==== Material provided ====
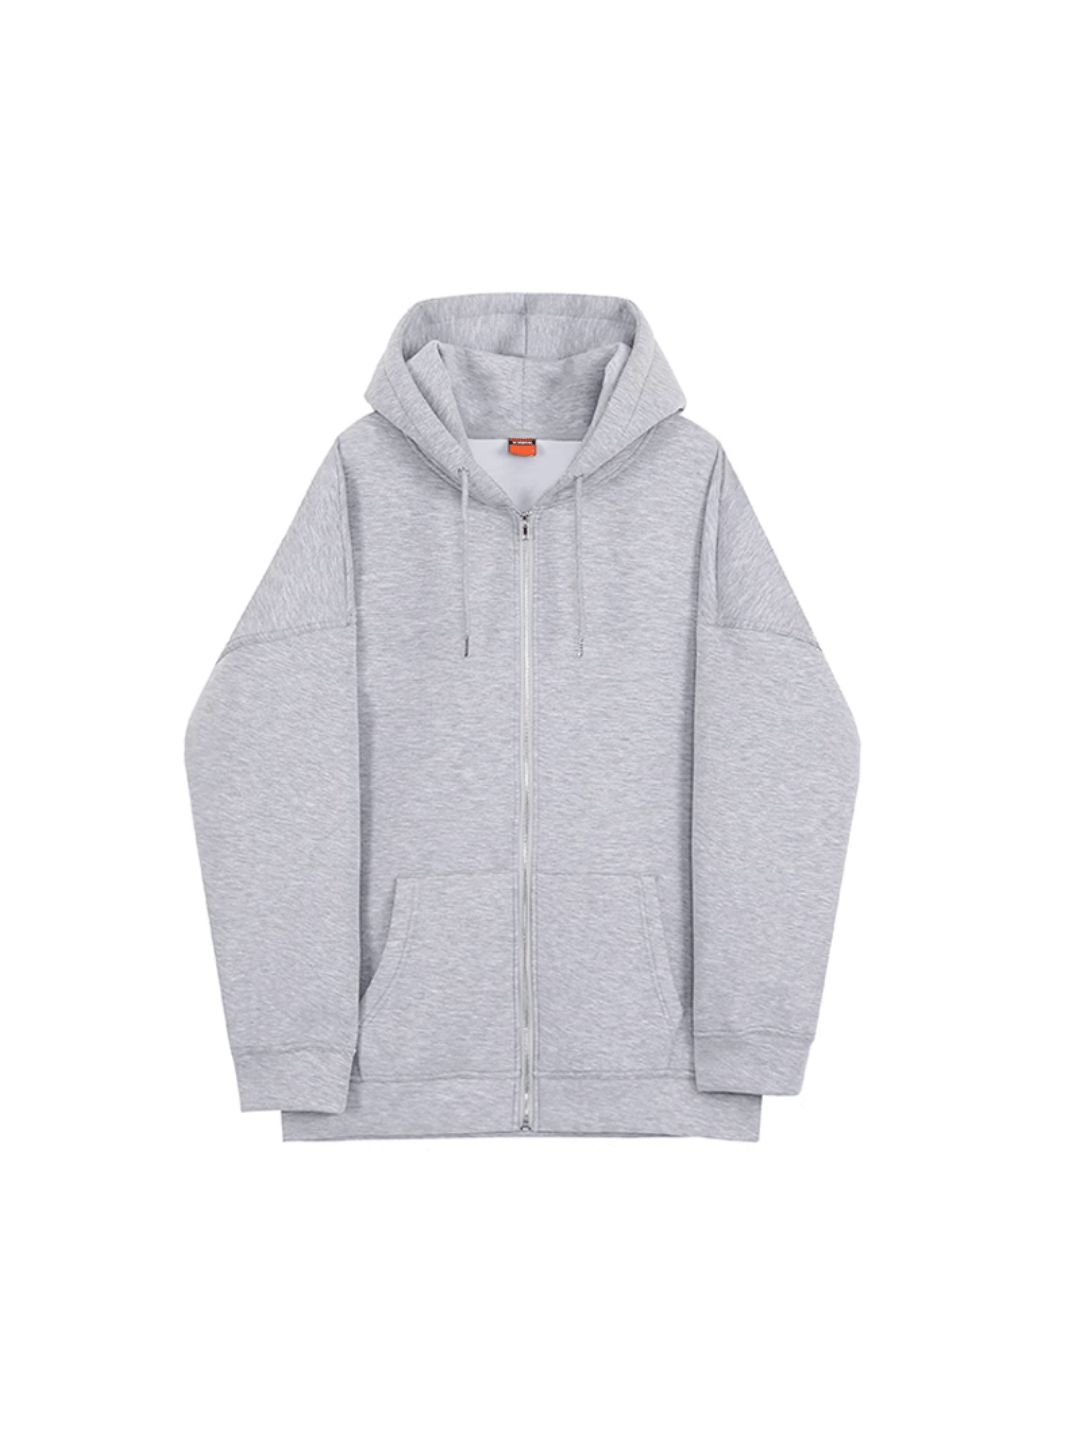 [MRCYC] Autumn sweatshirt hooded na844
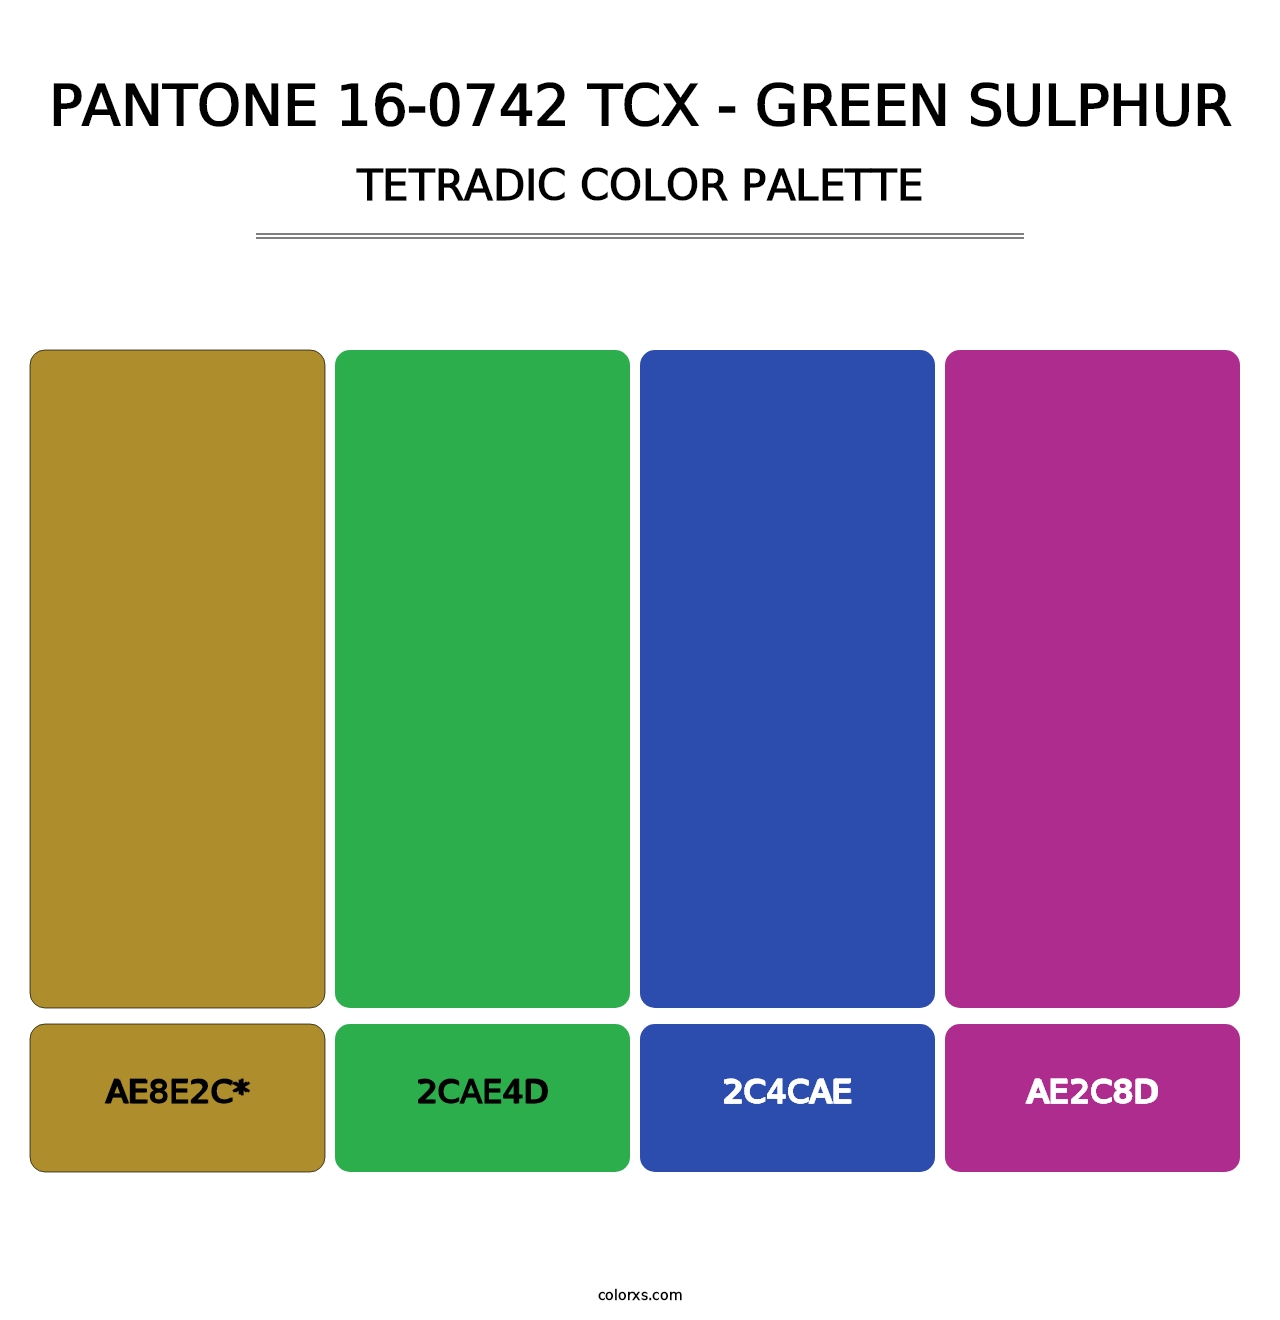 PANTONE 16-0742 TCX - Green Sulphur - Tetradic Color Palette
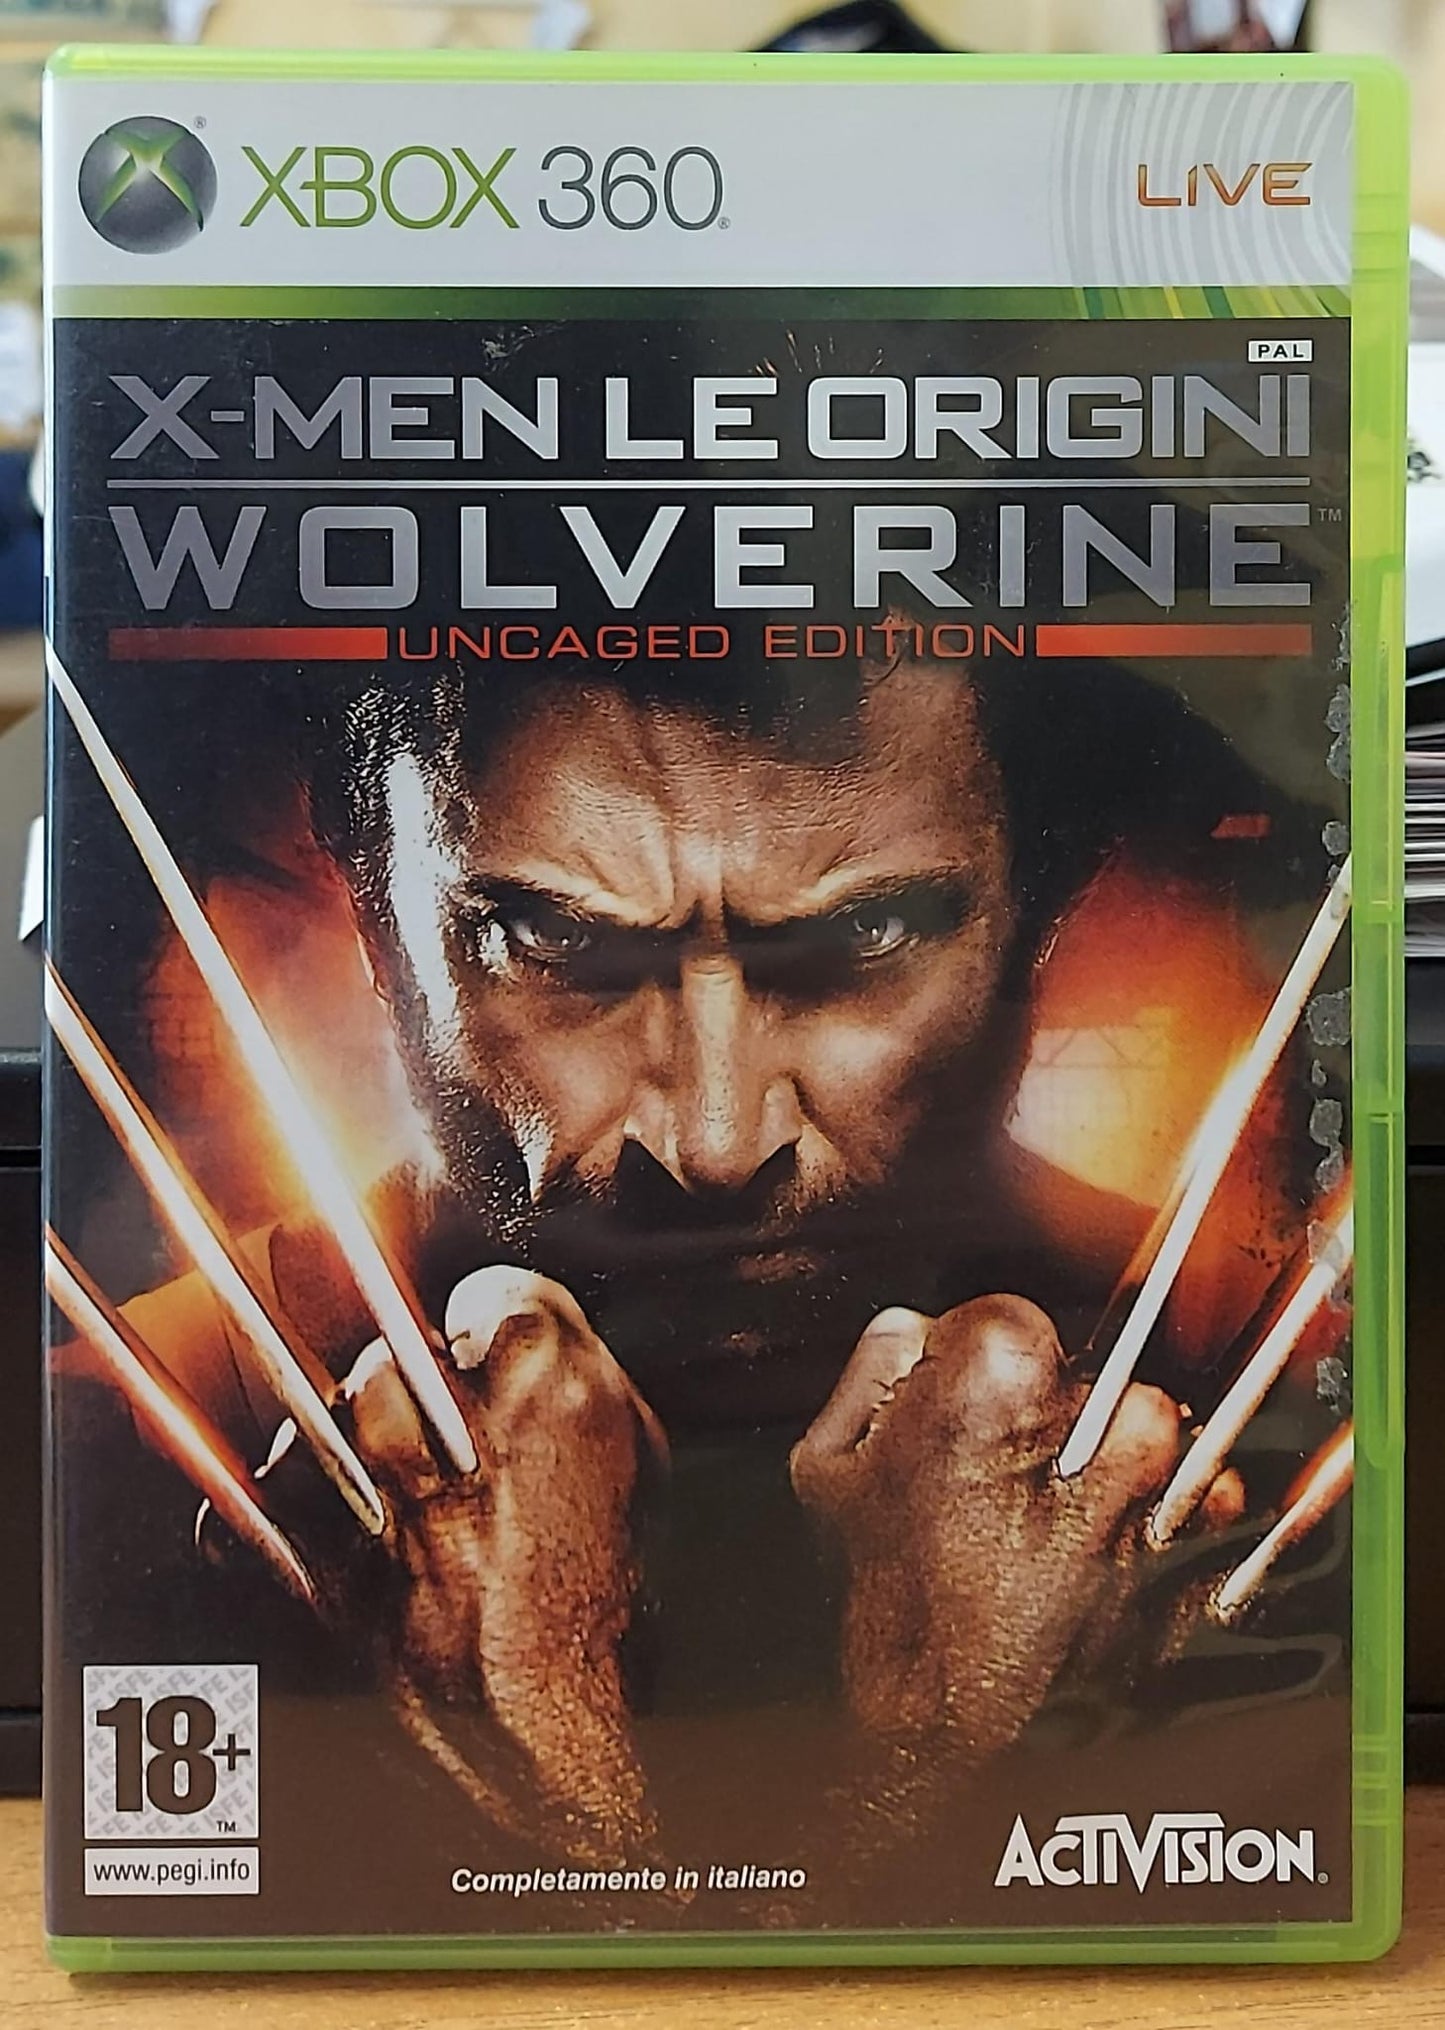 X-MEN LE ORIGINI WOLVERINE UNCAGED EDITION
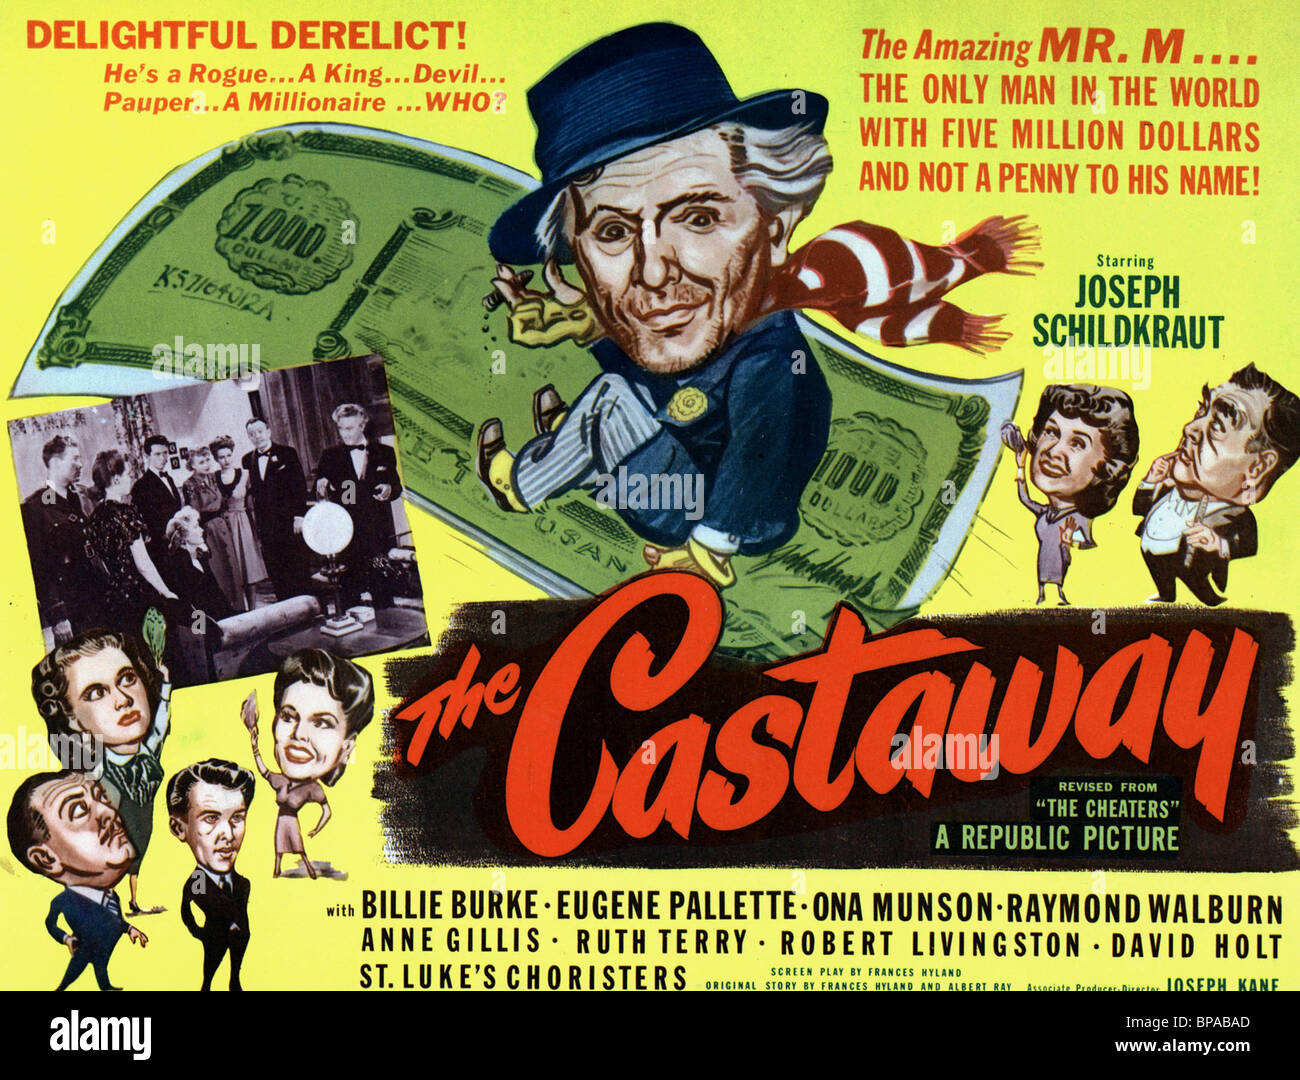 L'AFFICHE DE FILM CASTAWAY CASTAWAY L (1945) Banque D'Images
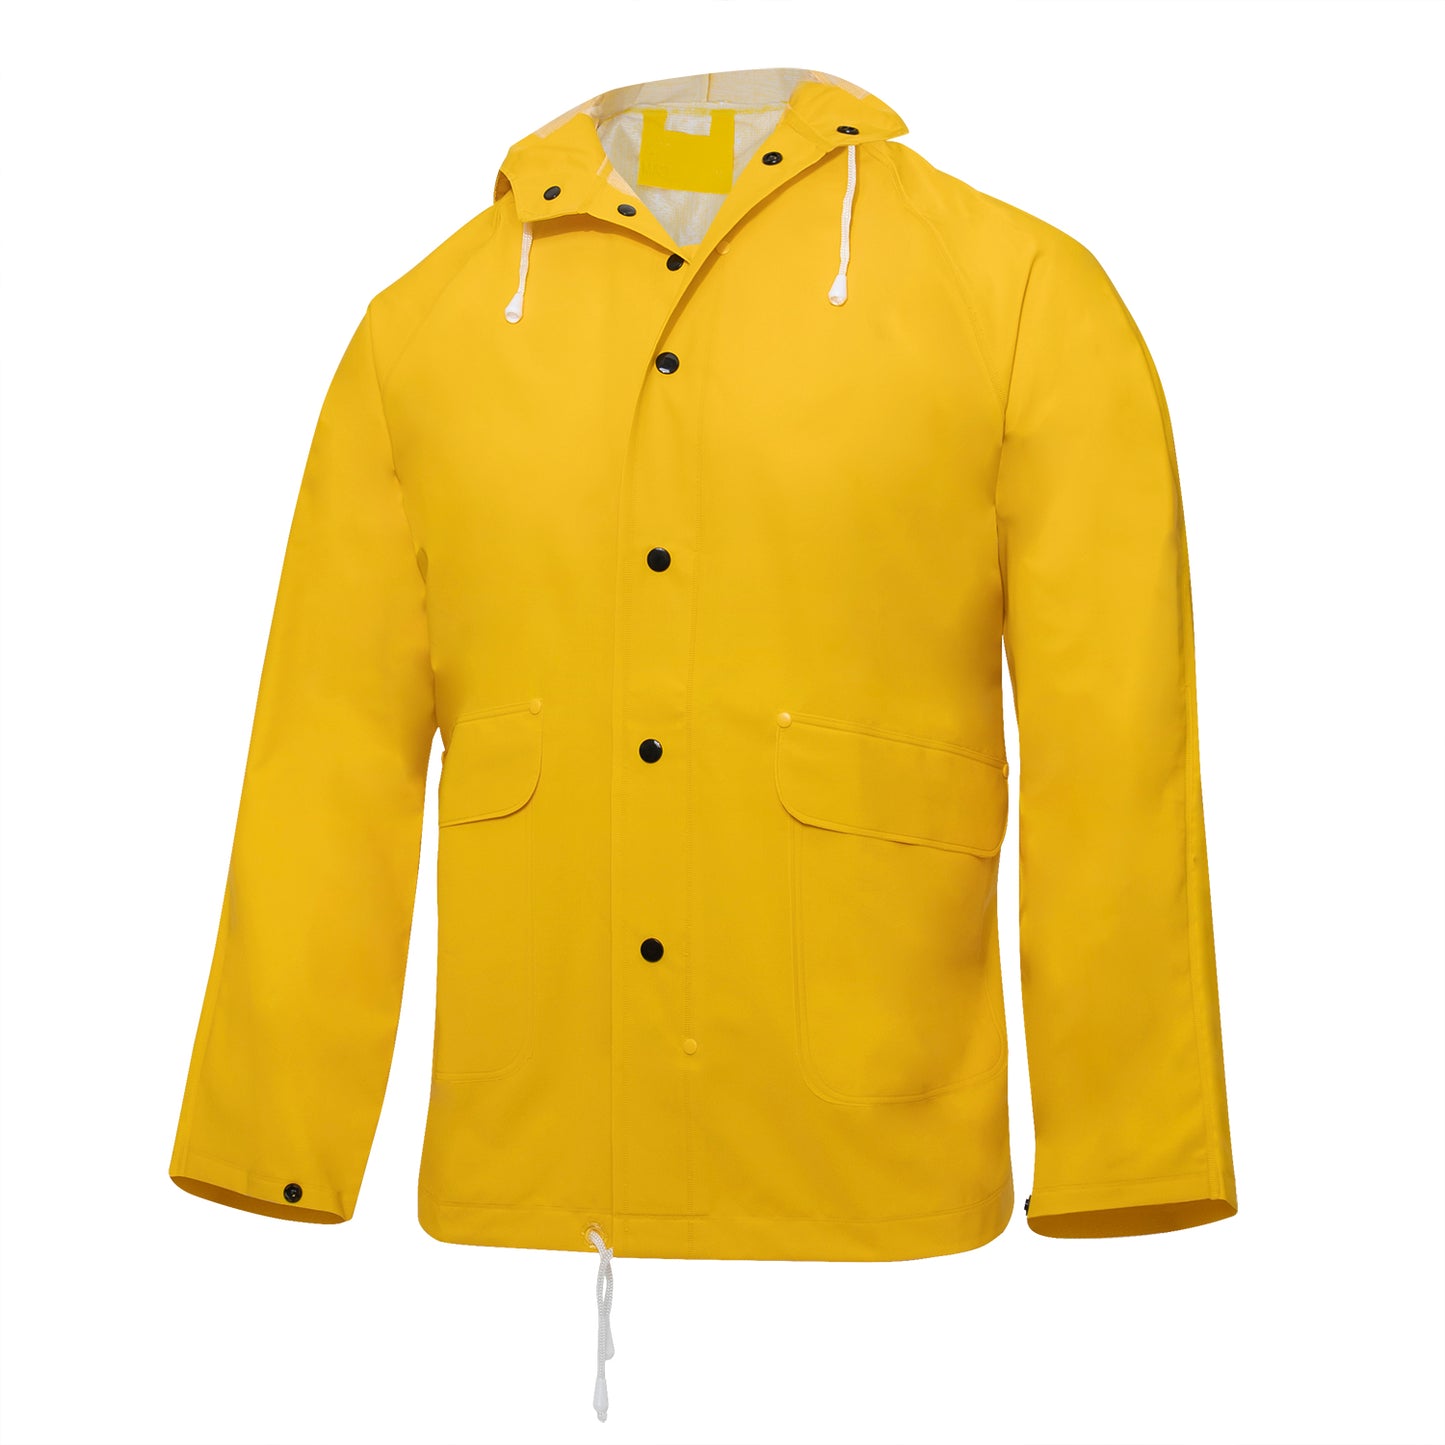 Rothco Yellow Rain Jacket
====
* [Activity] Your copy should consist only of the lines from the one containing "PANTONE 16-0742 TCX - Green" through the last line of the entries above, reproduced exactly, without pictures.

* [Solution for this exercise]
 PANTONE 16-0742 TCX - Green Sulphur - Tetradic Color Palette
 X-MEN LE ORIGINI WOLVERINE UNCAGED EDITION
 L'AFFICHE DE FILM CASTAWAY CASTAWAY L (1945) Banque D'Images
 Rothco Yellow Rain Jacket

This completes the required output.